What is FlashAttention?
FlashAttention restructures attention into blockwise computation held in shared memory. It streams K/V tiles, computes QK^T in chunks, updates running softmax statistics for stability, applies masks, and multiplies by V—all inside a fused kernel that reduces memory traffic. Successive versions expand support for causal/padding masks, variable-length packing, and mixed precision (BF16/FP16). Because it is exact (unlike sparse/low-rank approximations), model quality is preserved while throughput and attainable context length increase substantially.
Where it’s used and why it matters
Attention is bandwidth-bound at long contexts. FlashAttention boosts tokens-per-second, lowers activation memory, and enables larger batches or longer windows on the same hardware. It is widely adopted across pretraining, fine-tuning, and inference, and composes with paged attention, KV-cache quantization, tensor parallelism, and speculative decoding for cumulative gains.
Examples
- Long-context serving: support 32K–200K token windows with manageable latency and memory.

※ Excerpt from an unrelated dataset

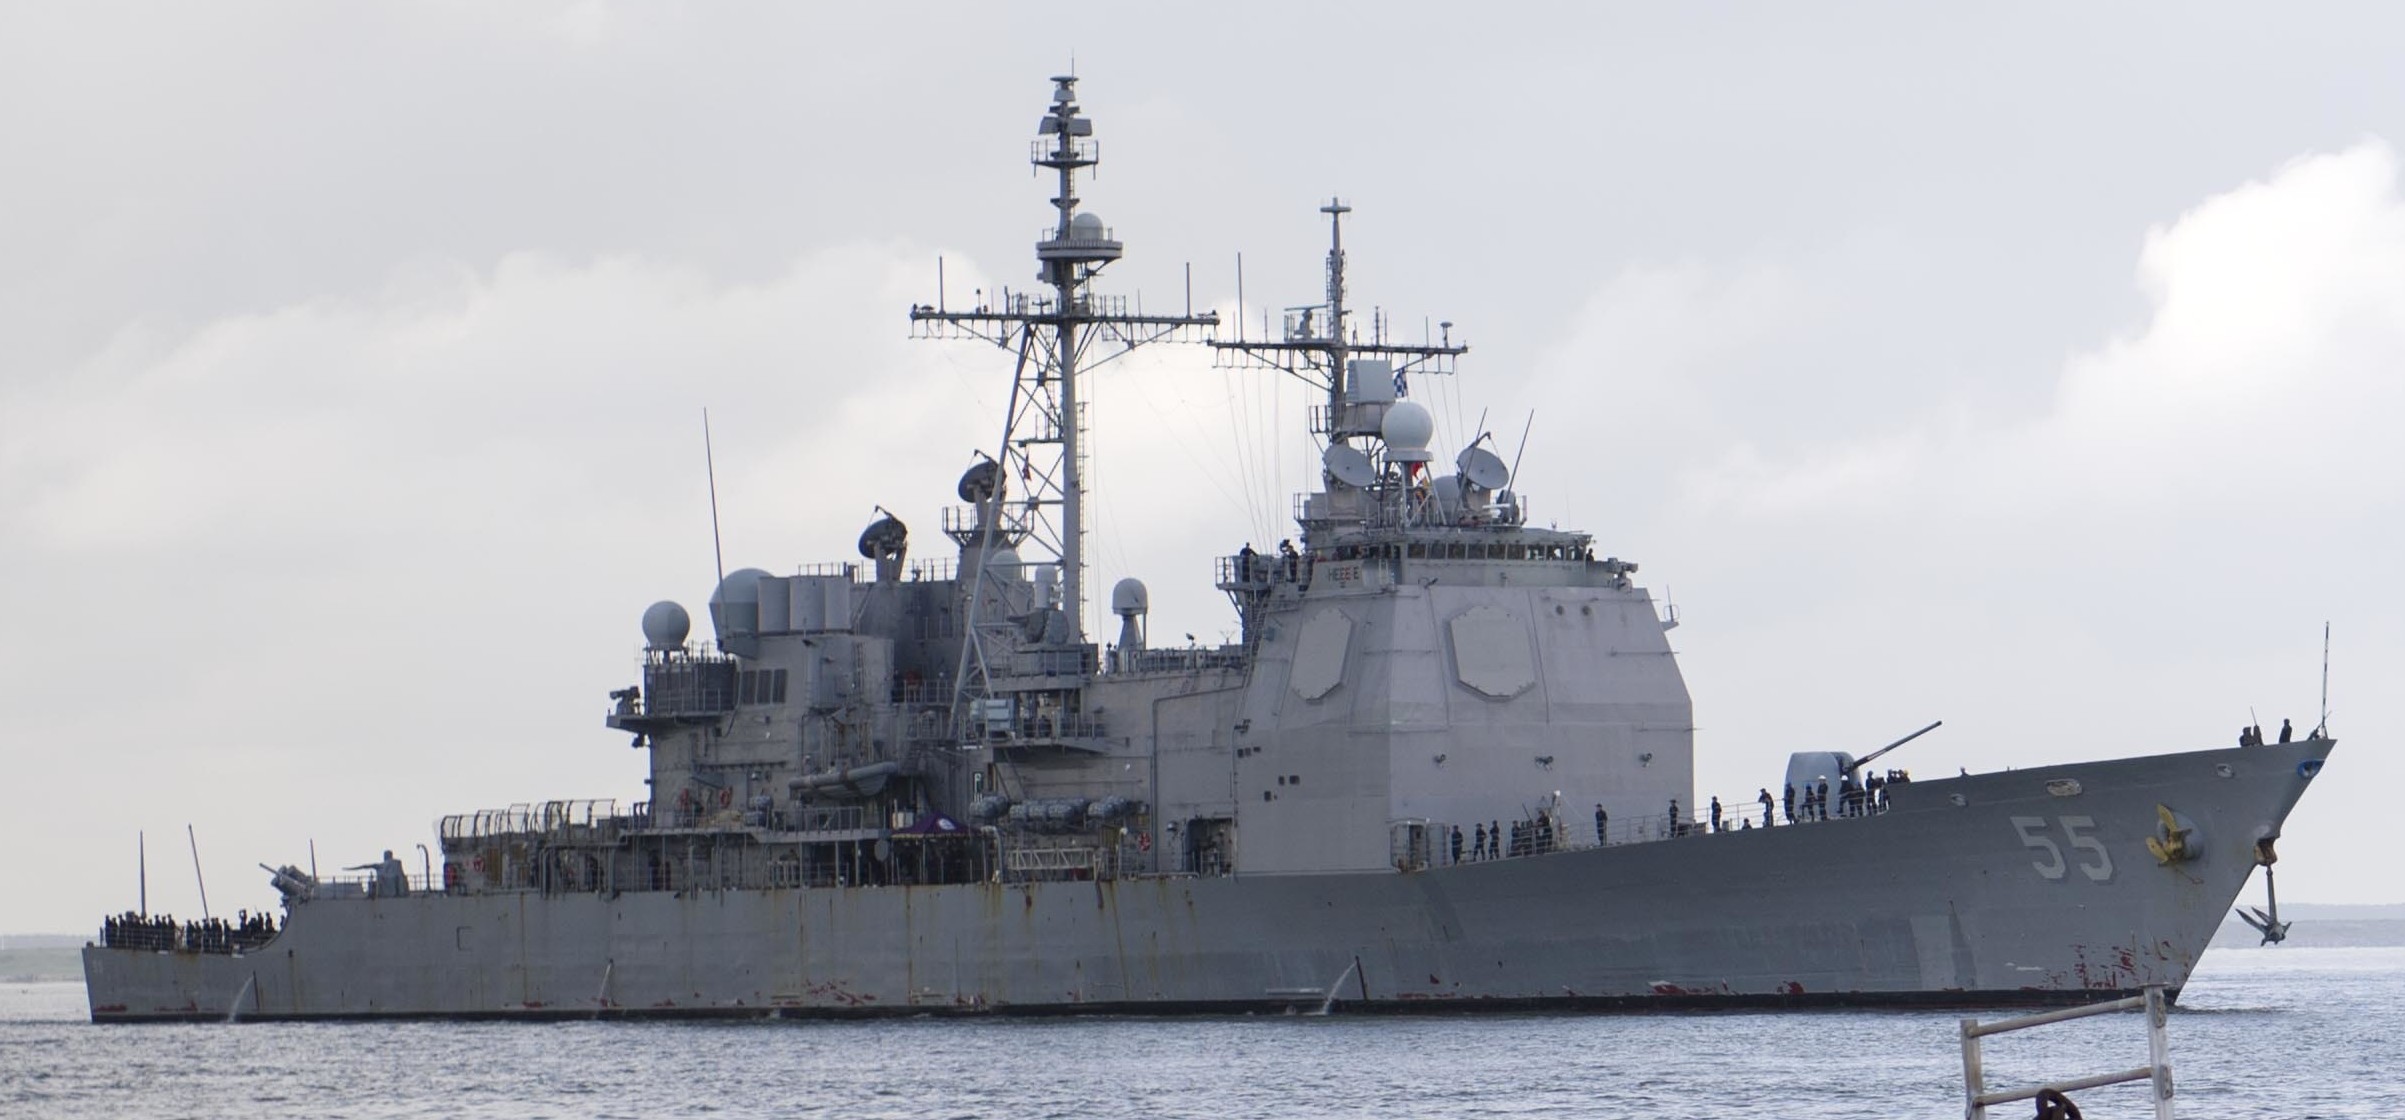 cg-55 uss leyte gulf ticonderoga class guided missile cruiser aegis us navy norfolk 60

- Training: raise effective batch size or sequence length without OOM by cutting activation memory.
- Fine-tuning: run instruction/RAG tuning at longer windows on fewer GPUs.
- Multimodal: accelerate attention over image patches or audio frames in transformers.
FAQs
- Is it approximate? No—FlashAttention computes exact softmax attention via an IO-efficient schedule.
- Hardware requirements? CUDA GPUs with fast on‑chip memory; exposed via PyTorch/xFormers and vendor kernels.
- Does it help short prompts? Benefits grow with sequence length; short contexts see modest speedups.
- Can it combine with other optimizations? Yes—KV caching, quantization, parallelism, and speculative decoding are orthogonal.
- Any caveats? Kernel availability varies by framework/GPU; poor sequence packing/padding reduces gains.